Teach Houston

Closing the Teach For America Blogging Gap
Aug 15 2013

on tasers & TED talks: days like this

Right after school ended, I made some photocopies for tomorrow and headed over to the CVS down the block to buy some candy for my students’ Friday Surprise (we’ve been building up to this, earned through awesome student urgency and teamwork, all week). As I walked out an African-American man – maybe about 30ish? – sprinted past me. I remember thinking something was odd, though it didn’t really register, and then I turned the corner and there were police everywhere. They ended up Tasering him, wrestling him to the ground, pinning him down with their knees, handcuffing him, and shoving him into a police car. The entire encounter occurred maybe 3 feet from where I was standing. and to be honest, I was fairly horrified.

Watching someone get Tasered isn’t at all cool; it’s not like a “don’t Tase me bro” moment that will end up on Youtube someday and become a common piece of vocabulary, it’s actually just incredibly awful. It’s something I’ll probably remember for a long time. There were five white policemen and one white policewoman, in a neighborhood that’s almost entirely African-American, which says in actions more than I could ever say in words about the state of criminal justice in America today. Obviously I don’t know the details of this specific situation but statistically, young black men are targeted and punished severely, and are overrepresented in our prisons (relative to their proportion in the general population). Worse, several students from my school happened to be at the CVS as well, meaning they watched someone who looks like them get Tasered by someone who looks like the people who teach them. What must they think about this?

 

My kids have lots of baggage. Anger, fear, lots of emotional issues. I suppose any middle school students would, but mine in particular. Much of this has to do with race/socioeconomic status/family issues/bullying. I had them write “Where I’m From” poems on our second day of school. A lot came out in those. Their vulnerability and depth made me cry. Today, since I teach a double block (two uninterrupted hours of English), we finished up with our objectives and I had them do a free write. We’re studying plot development tomorrow. Here was the prompt I gave them:

Think about a formative experience in your life. What were you like before it happened? What were you like after it happened? How did some sort of conflict push you to change, and how did that get resolved? Looking back, which characters or people were most influential in this experience?

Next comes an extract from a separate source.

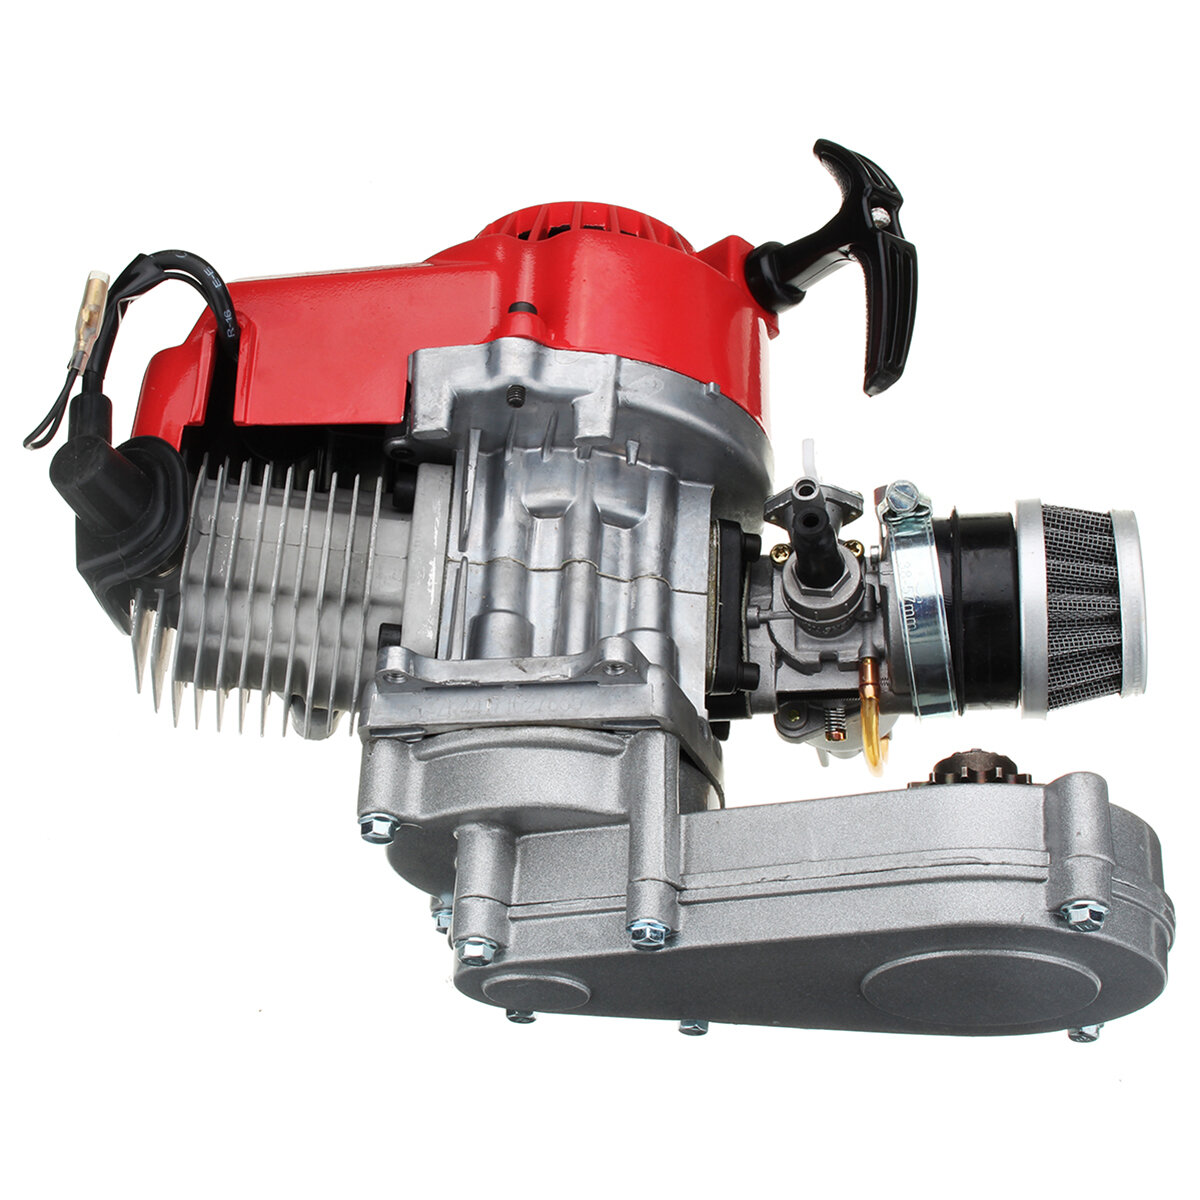 49cc Engine 2-Stroke Pull Start with Transmission For Mini Moto Dirt Bike  Red

It was mainly meant to get them to feel their feelings – something they don’t get to do very often amidst the fast-paced rigidity of life at my school – and lo and behold, the feelings came pouring out. A student handed me her paper after class even though I made it very clear that I absolutely wouldn’t read anything they didn’t want me to. She wrote four pages on her parents, on her life choices, on her academic and personal struggles. I wrote her a letter back thanking her for her vulnerability and encouraging her to keep writing/thinking/feeling. and to keep reading great & beautiful & meaningful books. Because the best way to become a great writer is to read great writing.

 

School-wise, things are going well. I had my first formal observation today and got lots of good feedback. My behavior management is actually pretty strong (complete 180 from Institute – but I suppose that’s for a later blog post) and we have lots of positive culture/investment in my classroom. The students support one another and genuinely challenge themselves. I still need to up the academic rigor substantially, but I figure one path to that is through the joy factor. When students trust me, and trust themselves, and trust the process, the rigor will come too. At the end of my observation – after my observer left the room, of course – I sighed with relief and couldn’t help but smile at how well-behaved my students were throughout the whole thing. My students picked up on my relief and asked me excitedly, “Did we do good, Miss? Did we make you proud? We think we did really well.” Yes. Yes, you did make me proud.

I want to be an English teacher who helps my students achieve what they need to in order to succeed in high school/college/the world. But I also want to be an English teacher who cares, who wants them to bring their whole selves to class, who reads and writes right along with them. I showed some of my students The Danger of a Single Story this morning. I would say probably 75% of my students are Mexican. Goodness knows they and their families have been single-storied far too often. I want to be an English teacher who shows them there is a world out there and they, just as much as every other person, deserve the chance to go out into it and see all the beauty it has to offer.

 

Sorry for how all over the place this is. I’m overwhelmed by almost being done with my first full week of teaching. I work 12-hour days and have essentially no personal life right now, but I know it’ll come. I’ve lost five pounds in two weeks from not really eating at school (due to nerves) but I know it’ll get better. One of my students who wants to be a writer someday told me he likes Phoenix and Two Door Cinema Club. When I played it doing the Do First, the smile he gave me was really all I needed.